━━━ Data in this exercise ━━━

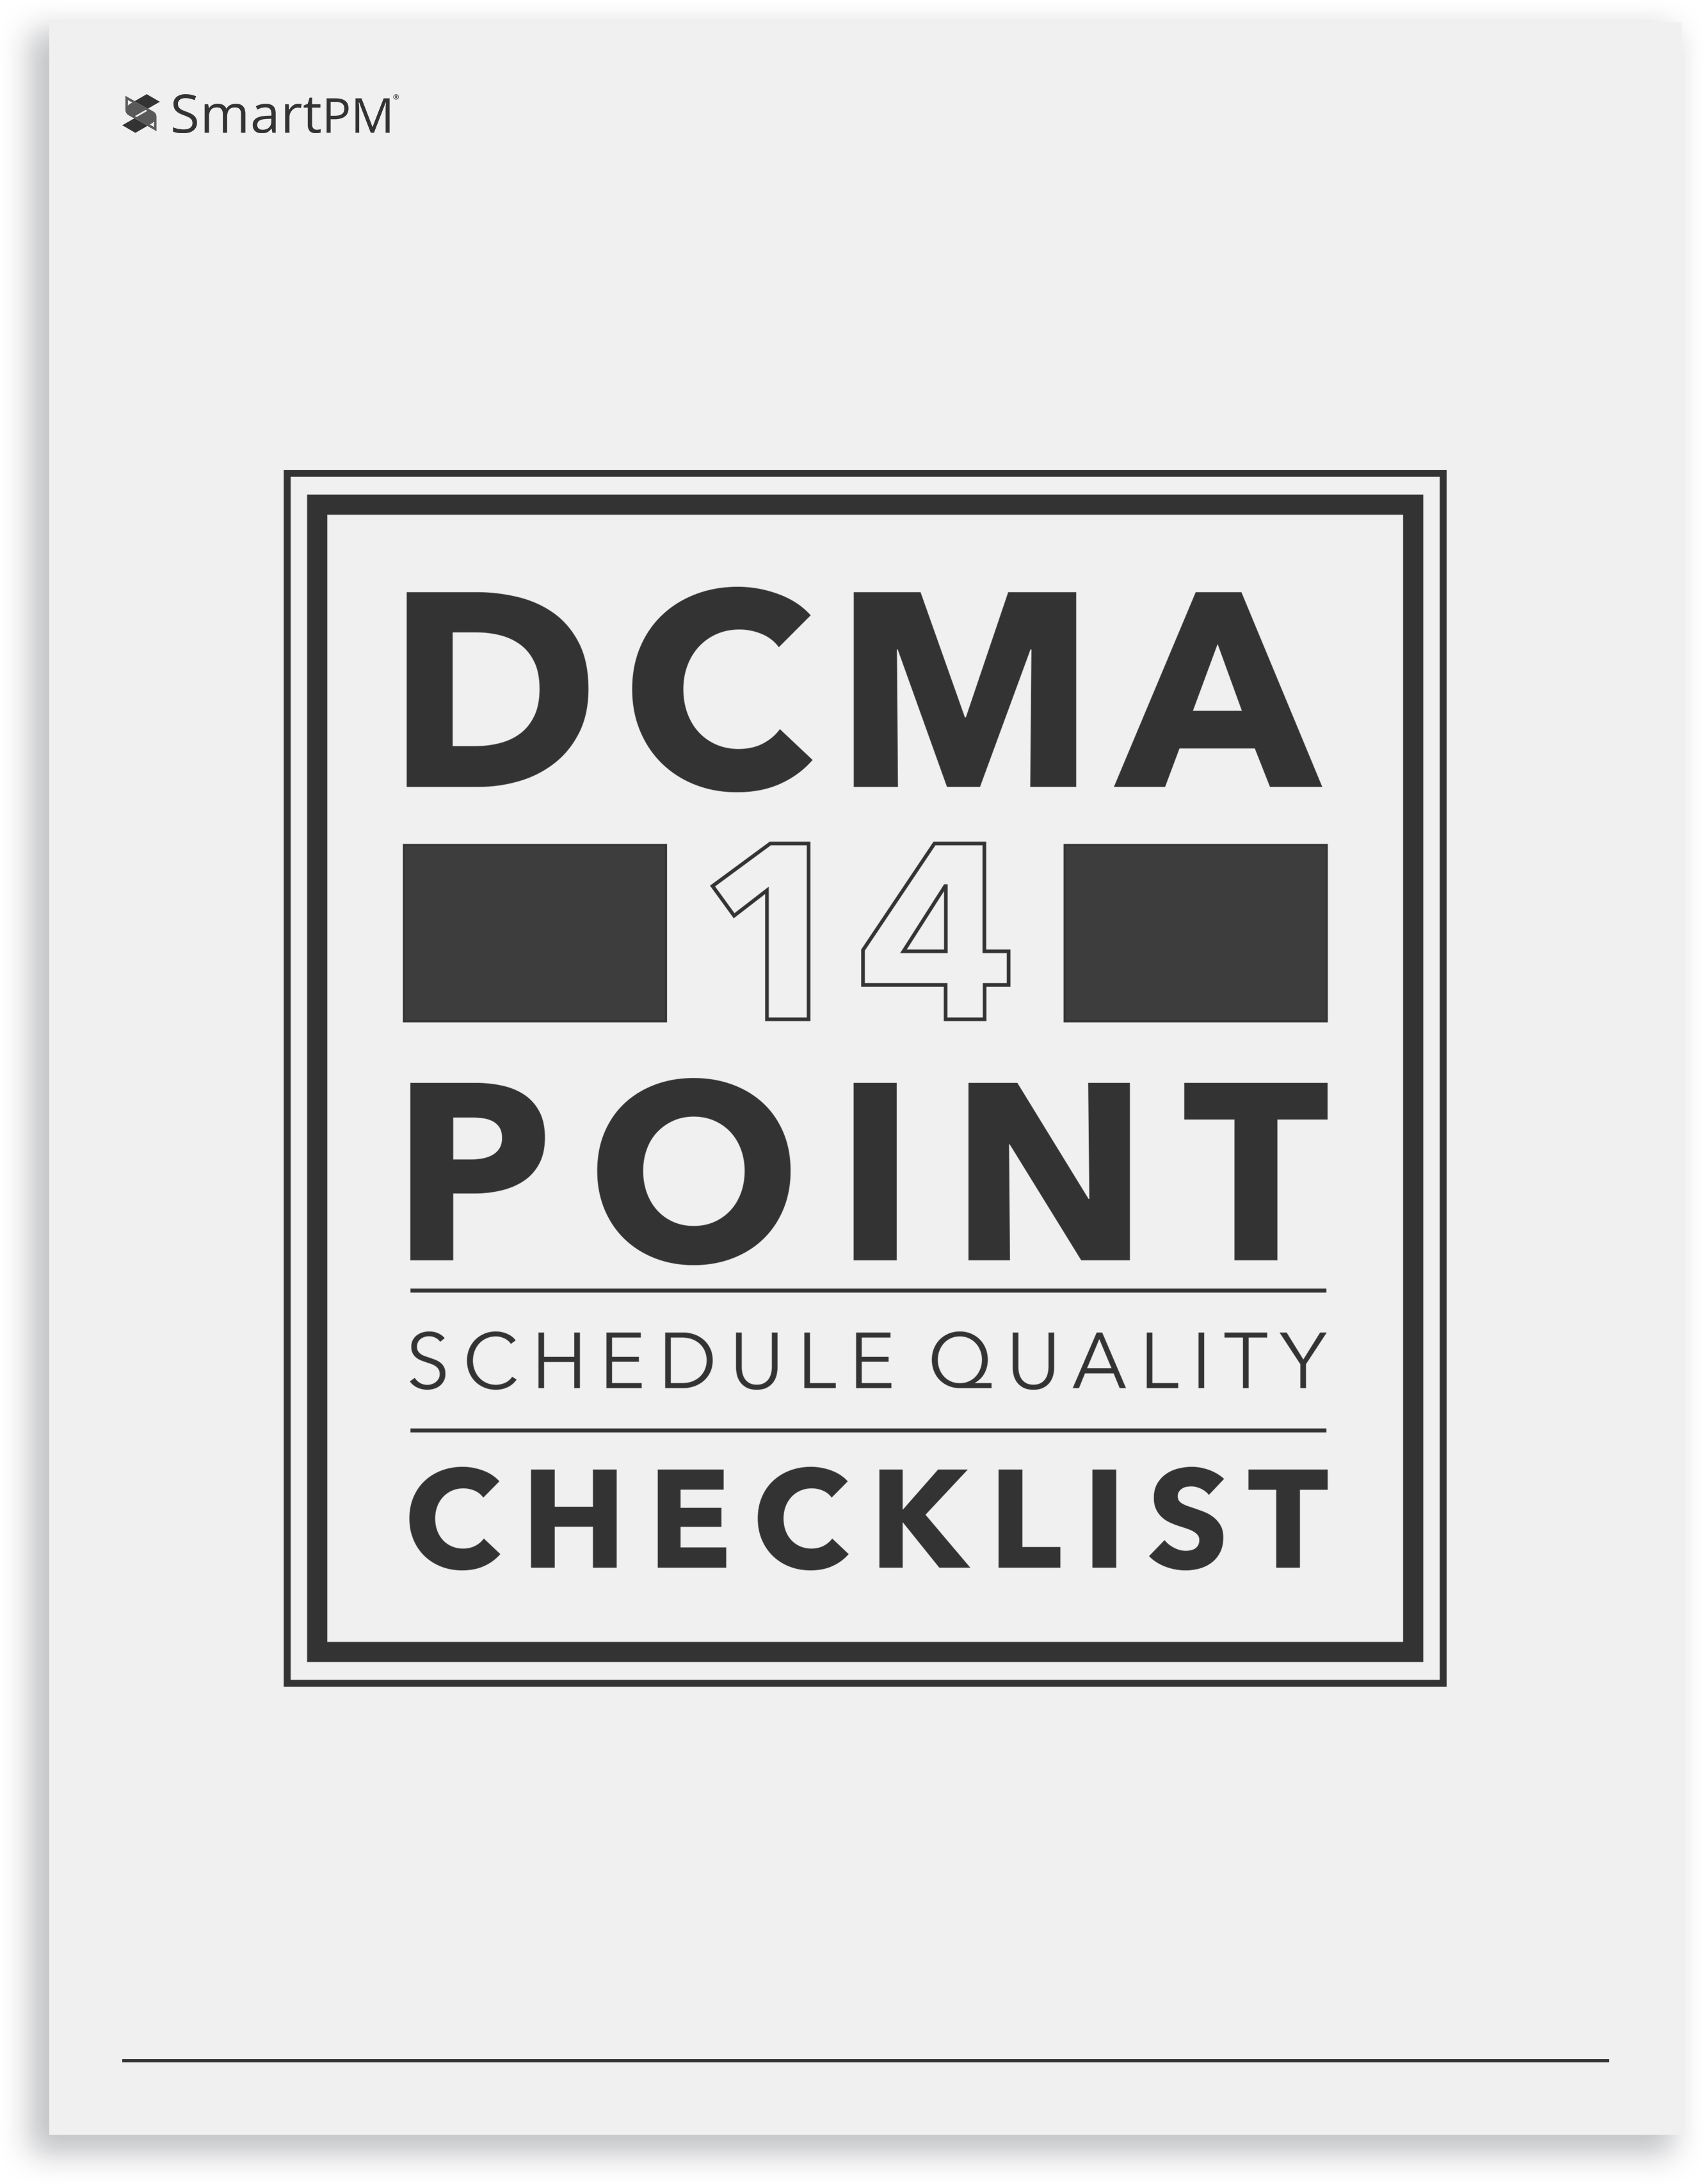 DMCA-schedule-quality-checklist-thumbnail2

━━━
━━━ Data in this exercise ━━━

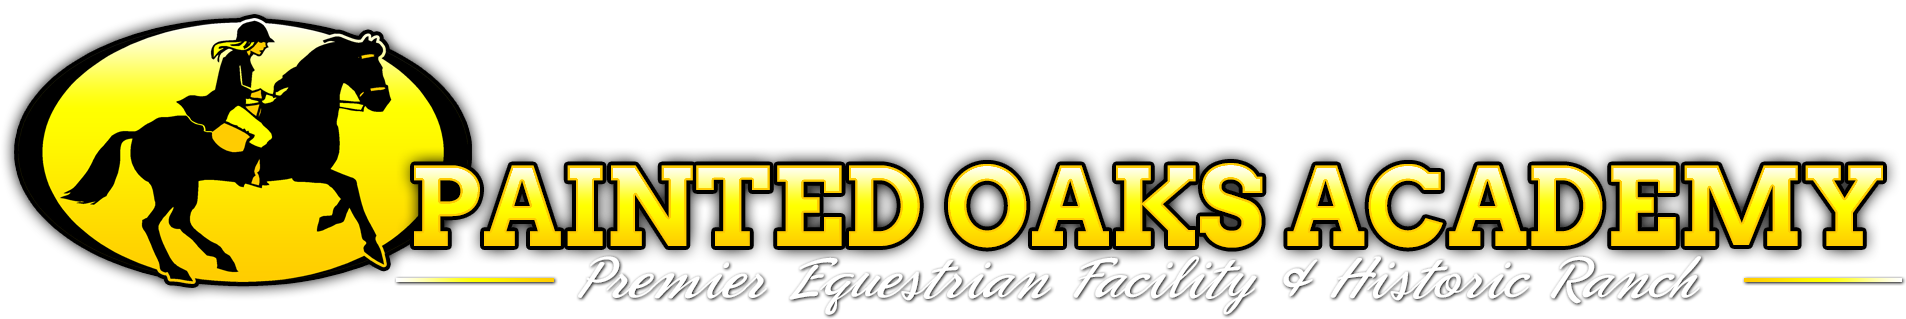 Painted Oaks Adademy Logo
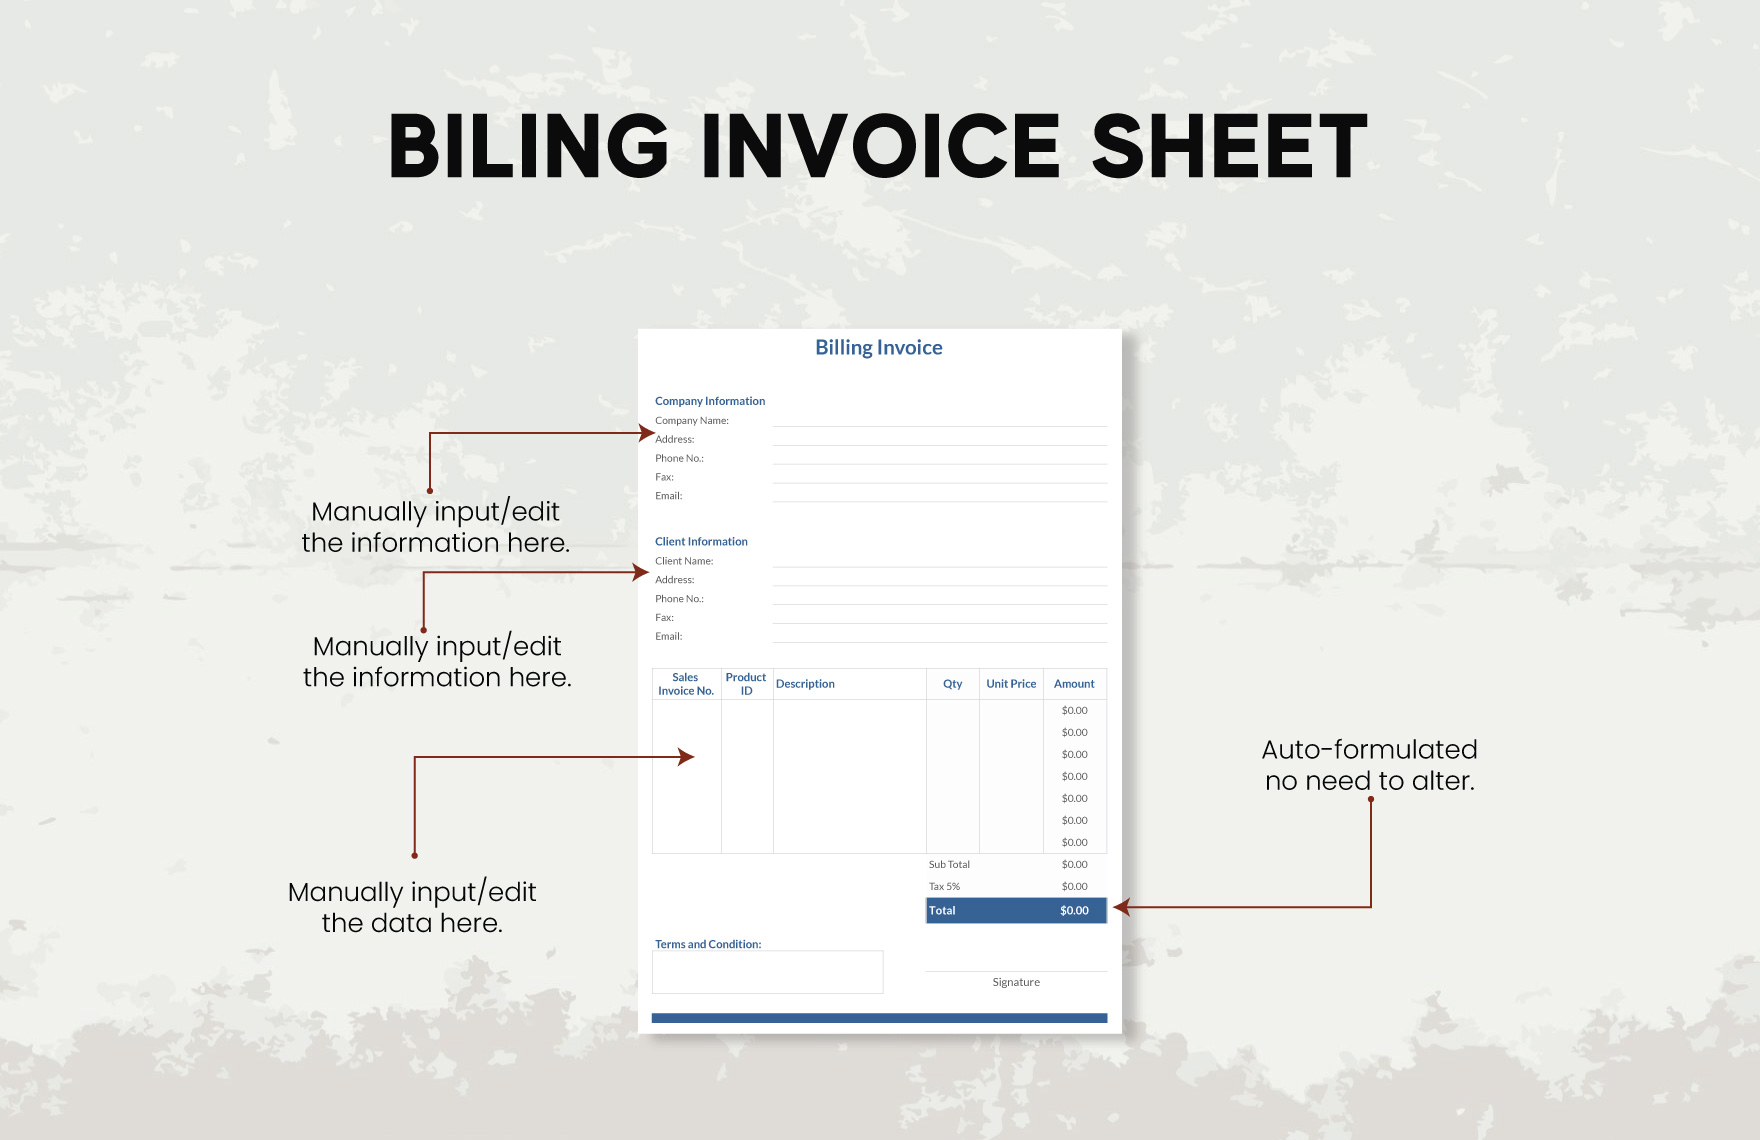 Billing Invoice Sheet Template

━━━
━━━ Data in this exercise ━━━

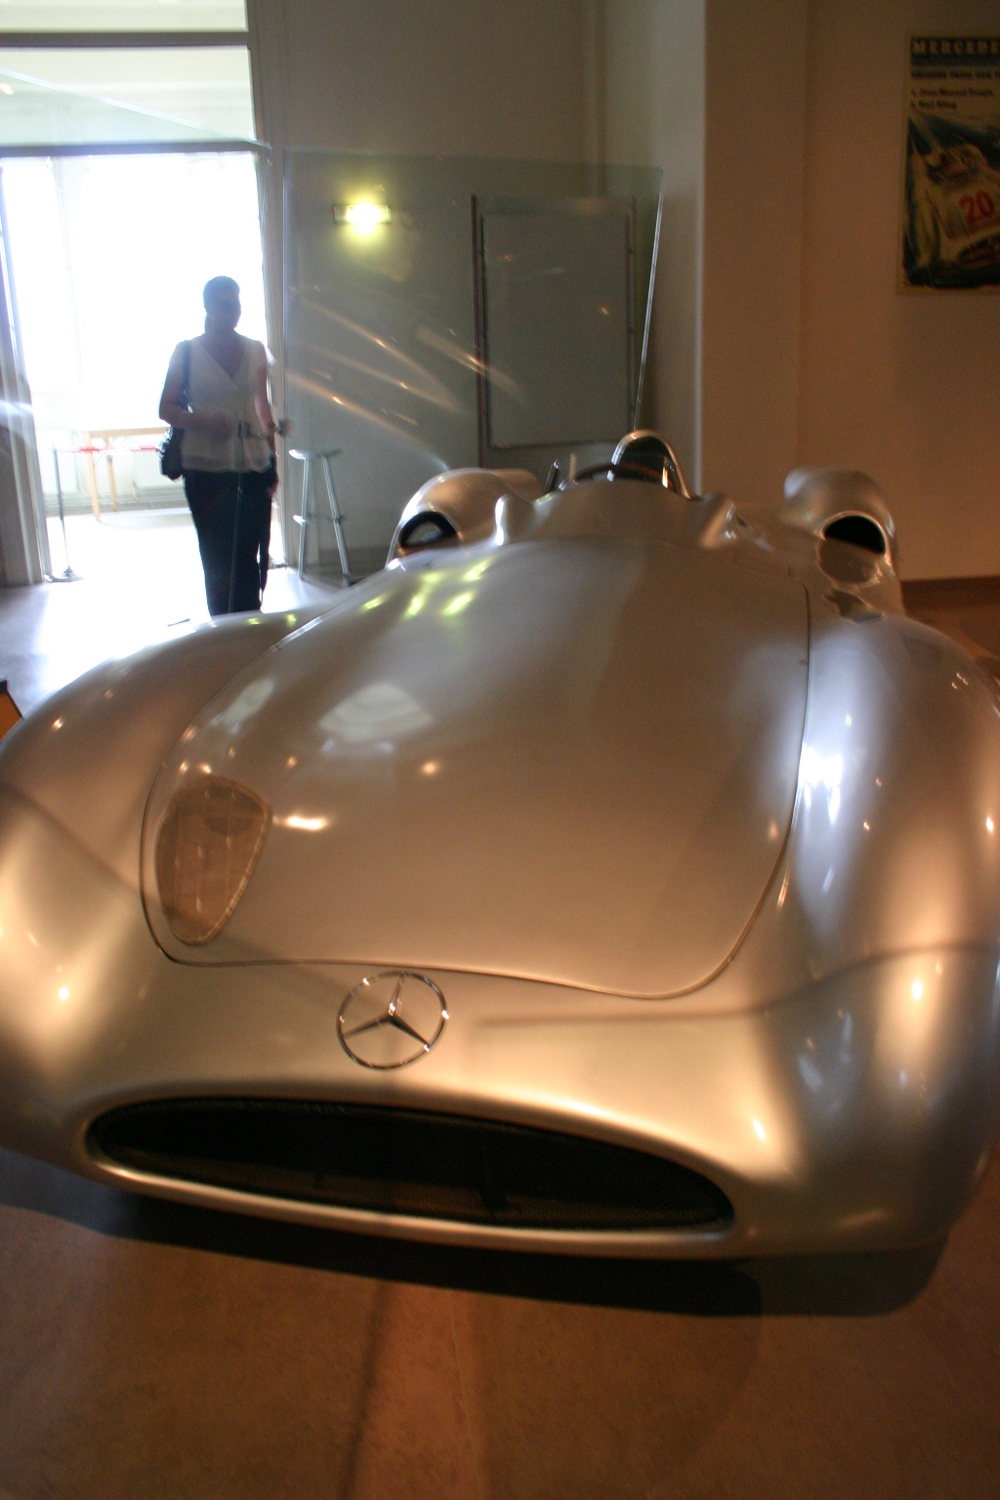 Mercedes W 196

━━━

Brief:
Starting at the line containing "Painted Oaks Adademy Logo" and finishing at the line containing "Billing Invoice Sheet Template", return those lines exactly as they appear above, without the pictures.

Exercise solution:
 Painted Oaks Adademy Logo
 Billing Invoice Sheet Template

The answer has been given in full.